A former Wells Fargo employee has filed a lawsuit in circuit court against the bank, contending the financial institution violated her constitutional rights when they fired her for carrying a concealed firearm at work.
Florida resident Ivette Ros, a former bank manager at Wells Fargo, claims she feels “naked” without her gun and says because she had a concealed carry permit it was unlawful for her employer to terminate her for carrying, the Tampa Tribune reported.
“I am within my constitutional right,” Ros reportedly said. “The bank is one of the places that I am able to carry a weapon to. My weapon was concealed. I have a certified license.”
Last year someone noticed Ros was carrying a firearm and reported her to bank officials, according to the Tribune. She was later fired.
“I’m a manager of a bank,” she added. “We have a lot of robberies that happen in our banks. I feel safer having that weapon if I ever needed to protect my employees.”
However, while Wells Fargo wouldn’t comment on a specific ongoing case, the bank told the Tribune that they have a strict policy forbidding firearms.
“Team members are strictly prohibited from possession of firearms and weapons on company premises,” spokeswoman Kathy Harrison reportedly said.
Ros’ lawyer disagrees.
“Employers can’t discriminate against their employees nor can they discriminate against their customers if they are … law-abiding, licensed concealed weapons permit owners,” Noel Flasterstein told the Tribune.

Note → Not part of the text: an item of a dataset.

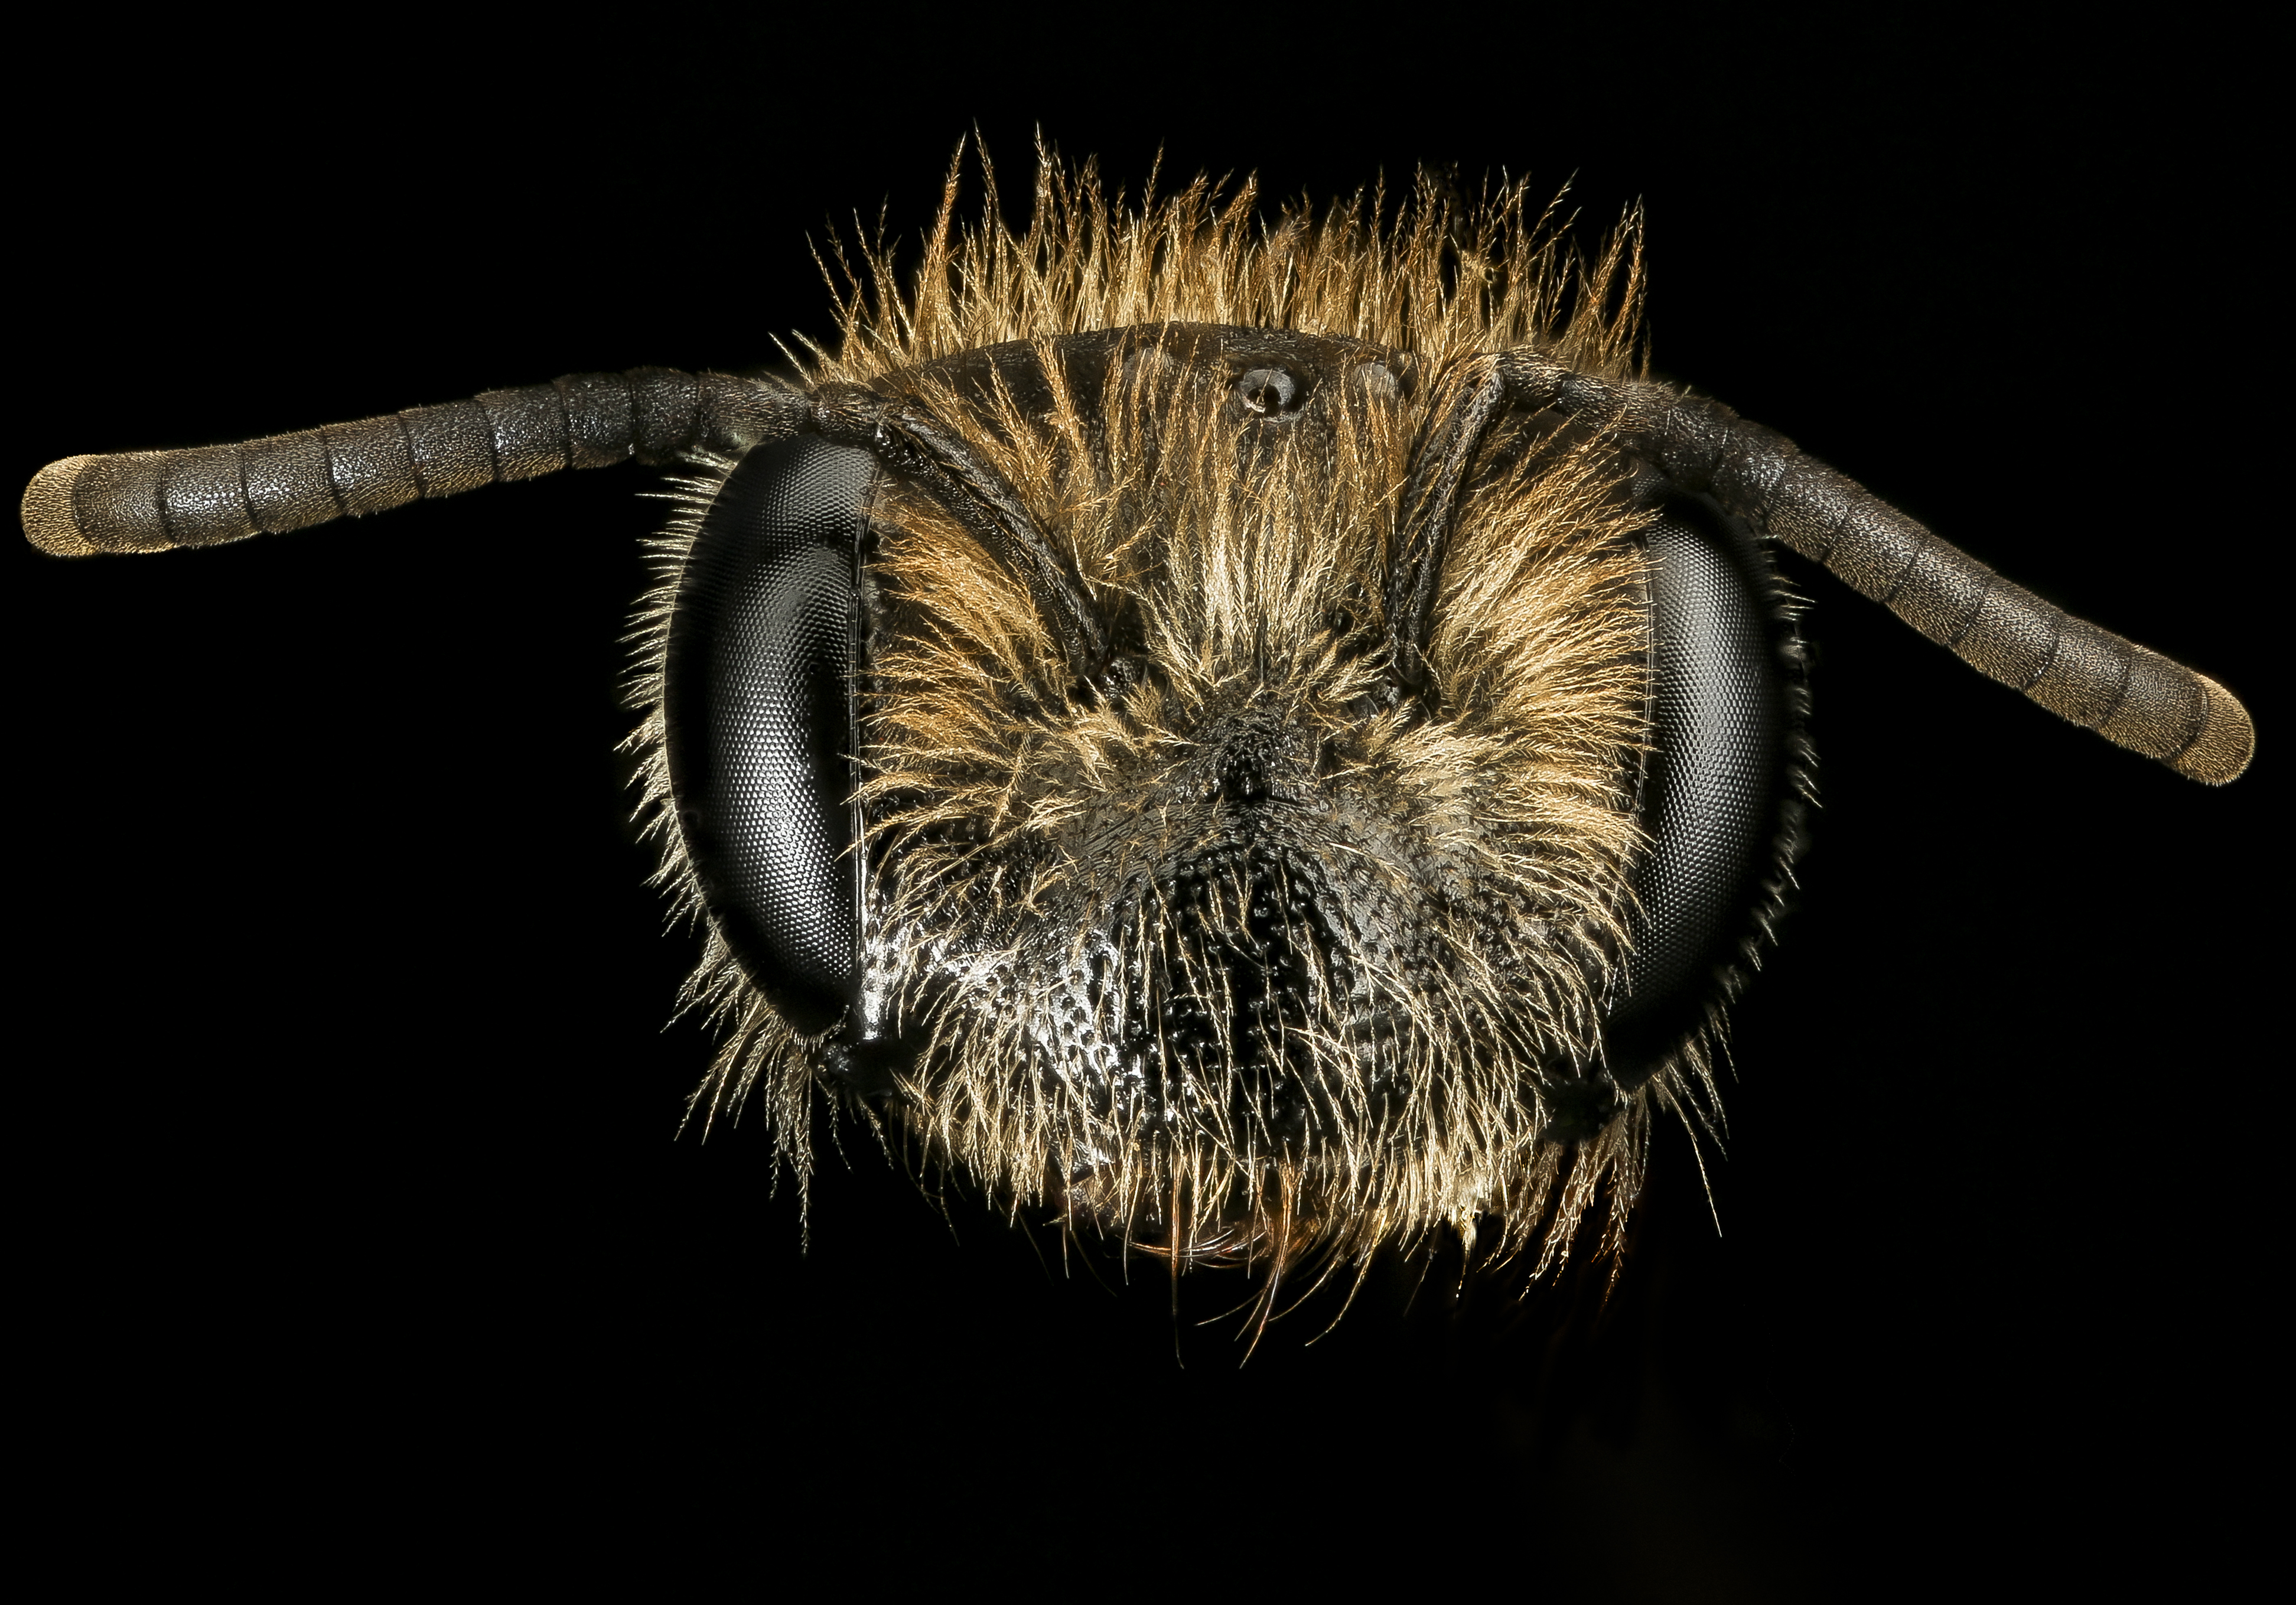 Andrena fenningeri, f, face, Pr. George's Co. MD 2016-10-20-13.55 (29855585583)

“Just because it’s in their handbook doesn’t mean it is correct or it will withstand a legal scrutiny or a legal investigation, which is what we’re doing in this case,” he reportedly added.
Another legal expert, however, said Ros was outside her legal rights, noting that Wells Fargo is a private institution.
“There is nothing in the state statute that says the employer has to let her bring it into the building,” reportedly said Jason Bent, an assistant professor of law at Stetson University College of Law.
The bank does offer some exceptions in certain areas, though, that would allow team members to store their firearm in their vehicle while they work at the bank, the Tribune reported.